08

231 39 17
                                    

''Affetti.''

(,)

Kalbimin titremesiyle gelen çırpıntılar, yerinden çıkacak gibi delice atması... Kanlar vücudumdan akarken, yazarın son kelimesi kanımı dondurmuş gibi hissettim.

O cümleyle yaralarım kapanmıştı sanki. Kesikler, yumruklarla oluşan yaralar birden kapanıvermişti benim için.

Gerçekliğe mi yoksa kitap akışında mı kalmıştım, hiçbir fikrim yoktu.

Şu an o kelimeyle sonuna kadar mutlu olmak istiyordum. 

Ölecek olsam bile mutlu olarak ölmek istiyordum.
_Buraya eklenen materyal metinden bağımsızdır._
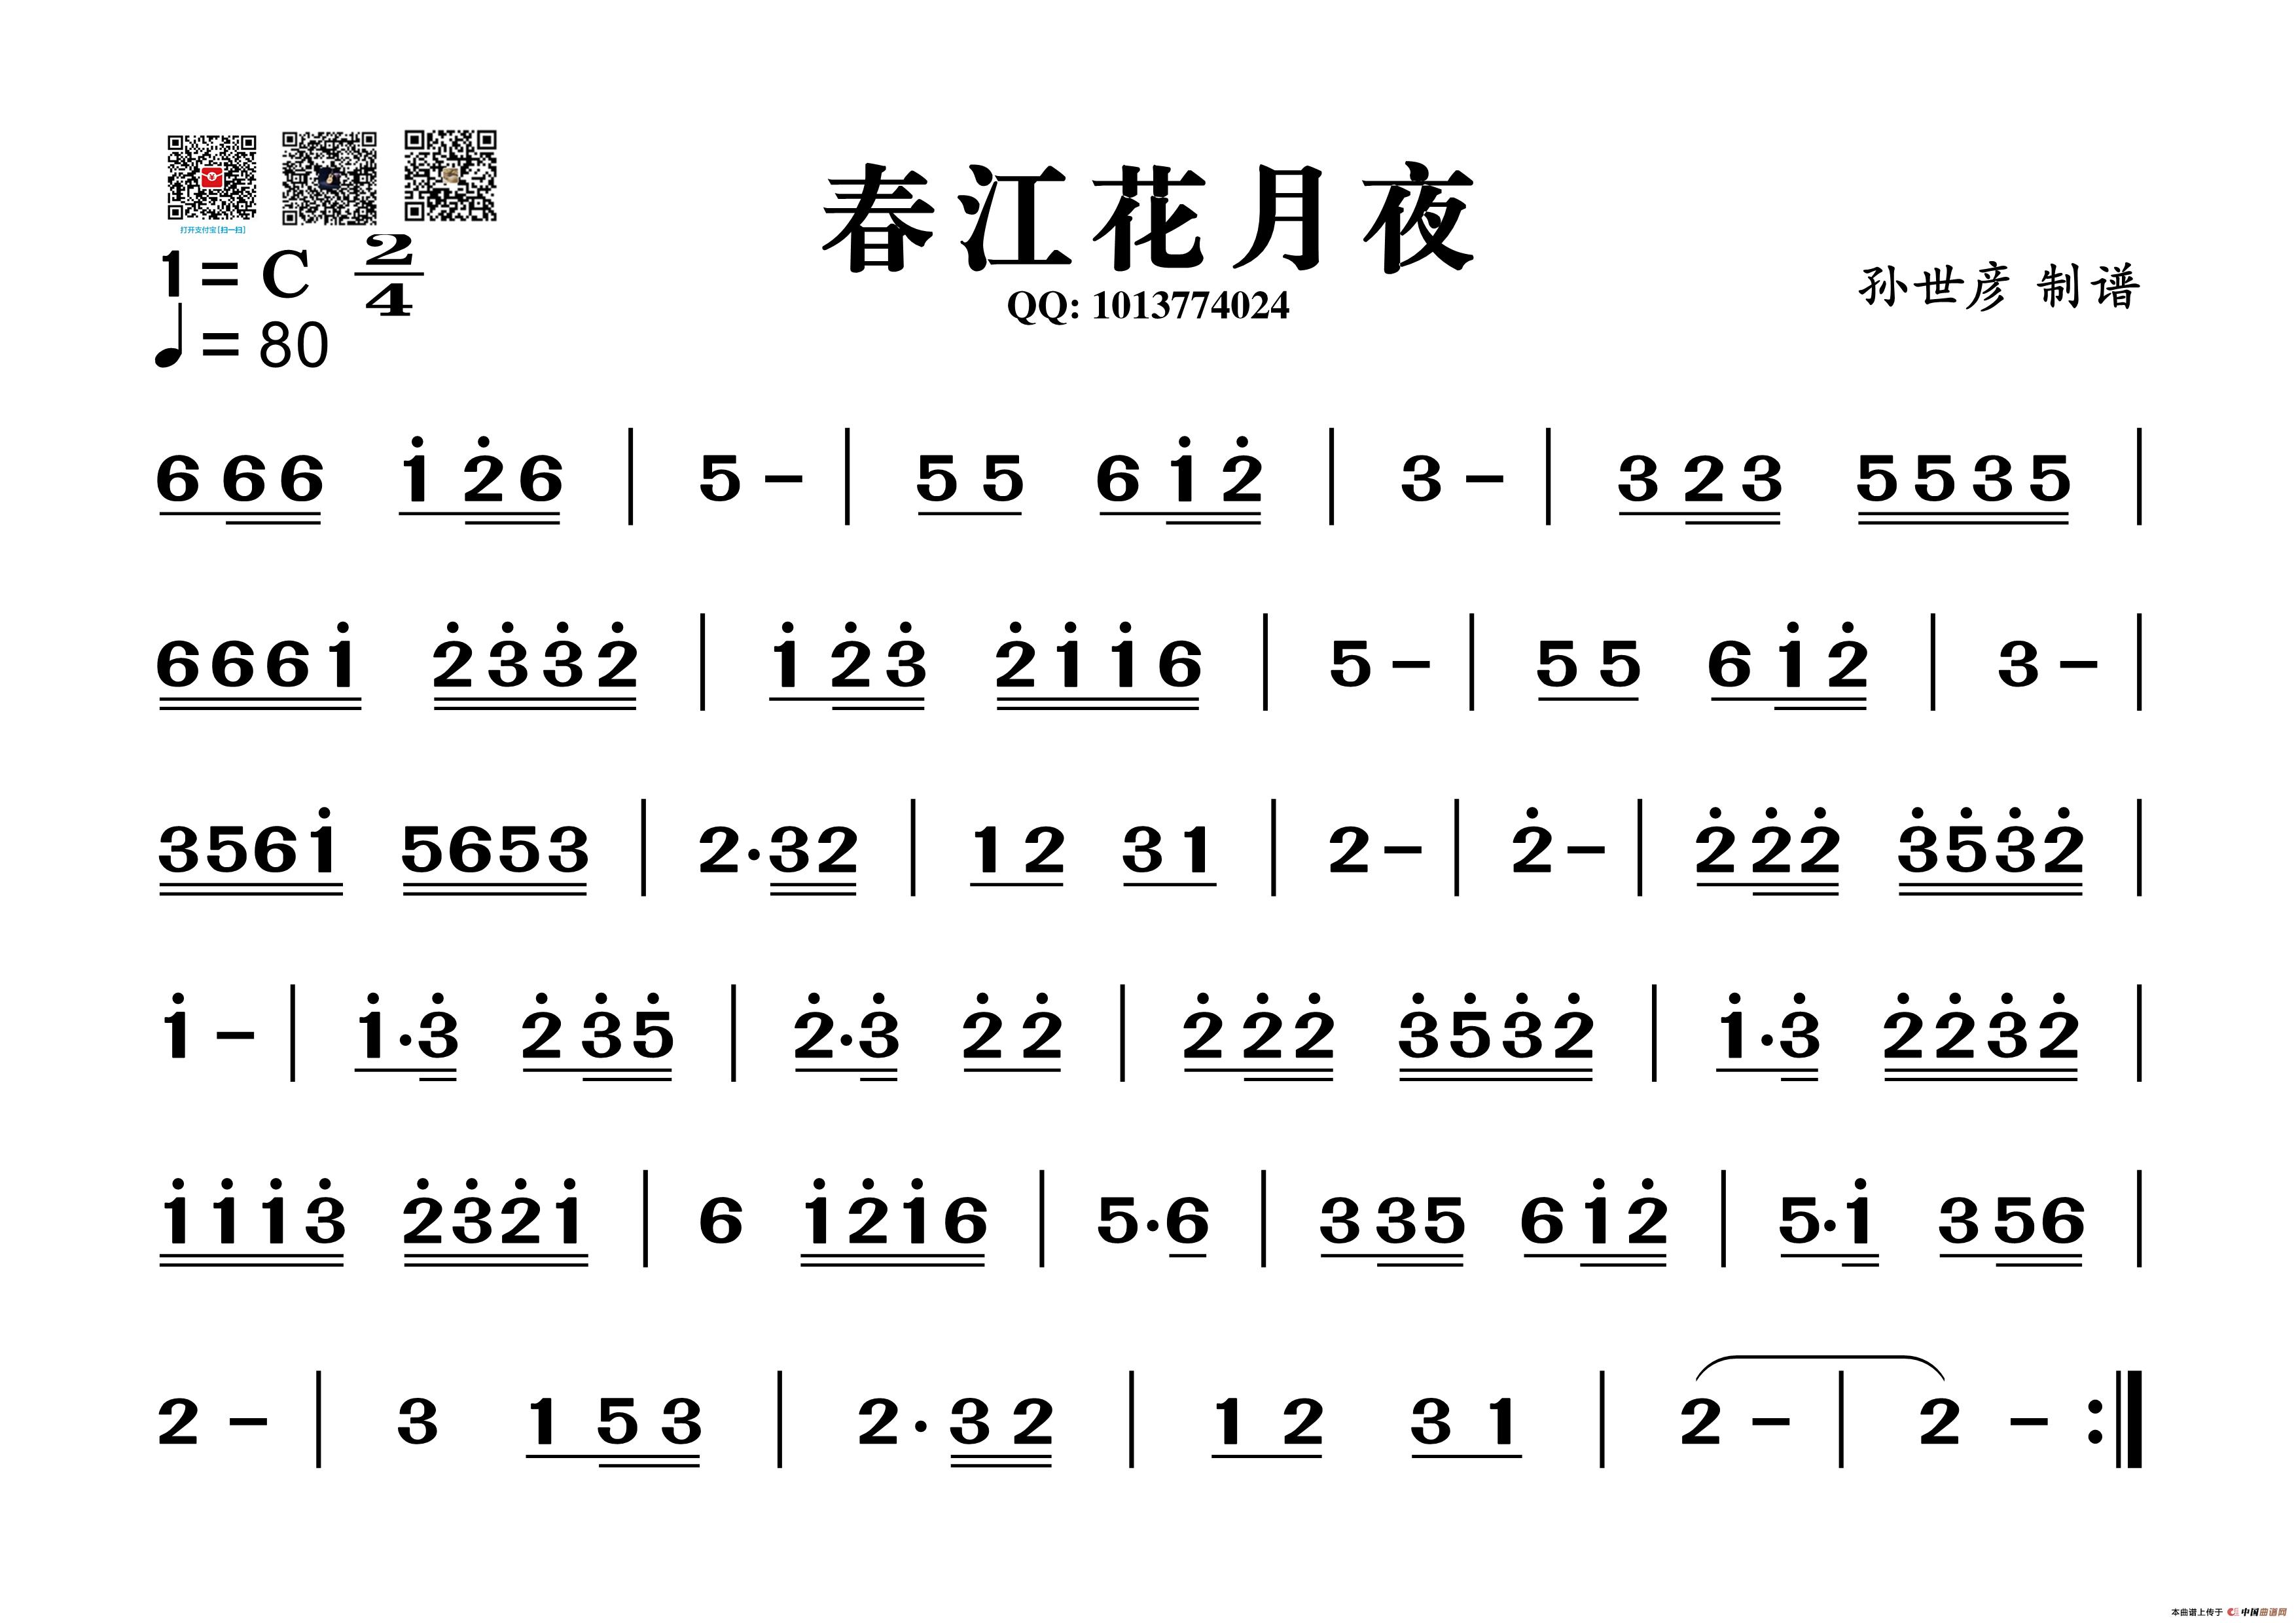 春江花月夜简谱(葫芦丝旋律谱)_谱友园地_中国曲谱网

Kalbimdeki boşluğu kaplayan vicdan azabı, öfke o kadar vücudumu kaplamıştı ki, yakında hiçbir şeyi göremeyecek raddeye geleceğimi tahmin edebiliyordum.

Yazarın, beni affetmesi nasıl bir şeydi sizce? Bu anlatılamazdı, kelimelere yer verilemezdi. Çünkü bu vicdan azabının getirdiği yük birden üstten çekilince oradaki iç çekiş sesi her yerde yankılanıyordu. Velhasıl, duygular her zaman sözcüklere, kelimelere yani bütünüyle oluşan cümlelere yer verilemezdi.

Bazen kitap karakterlerinin duyguları o kadar kuvvetli olurdu ki, yazarınızın bunu anladığını sanardınız. 

Lakin bu sefer gerçek olmuştu.

Yazarım, sesimi duymuştu.

Bu... hayatımda ilk ve son şeydi.

Beni her zaman duymasını istiyordum.

Ve bu, gerçek oldu.

.

Kitap karakterleri ellerini yakamdan çekip geri geri adım atmaya başladıklarında patlayan dudağımda biriken kanı silip yutkundum. Alt dudağımın titrediğini hissediyordum. Bu titreme yavaşça vücuduma yankı getirdiğini de biliyordum. Bu titreme, yazarın duygularıma dokunduğu anlamına mı geliyordu? Küçük hayal ettiğim parmaklarıyla kavradığı kalemle mürekkebini yahut kurşun kalemini göğsüme değdirip gerçek hislerimi o dokunuşta arttırmıştı sanki.

Grileşmiş saçlarım birden eski yeşil saçlı hâlini alıverdi aniden. 

Kimse bana yazarın affettiği karakterin eski hâlini aldığını söylememişti. Tamamlananlar, ermiş gibilerdi. Peki neden onların yüzünde şaşırmış yüzü resmedilmişti birdenbire?

Onların da mı haberi yoktu?

Bu bir ilk mi oluyordu?

Düşündüğüm -aynı zamanda yaşadığım- şeyler karşısında afallamıştım birden. Boşalan dizlerim kırılmış ve diz üstü yere düşmüştüm. Hâlsizlikten yıkılan vücudum kendini yere atıp göz yaşlarımı serbest bırakmama izin verdiğinde, kanların yavaş yavaş ortalıktan kaybolduğunu görüyordum. 

Gitgide görüşüm bulanıklaşıyordu. 

İkinci kez ağlamam gereken gün, bugündü.

Bu sefer, yazarın izniyle ağlamıştım.

Ben, tekrardan ağladım.

Lakin bu yaşlar, bir mutluluk gözyaşı idi.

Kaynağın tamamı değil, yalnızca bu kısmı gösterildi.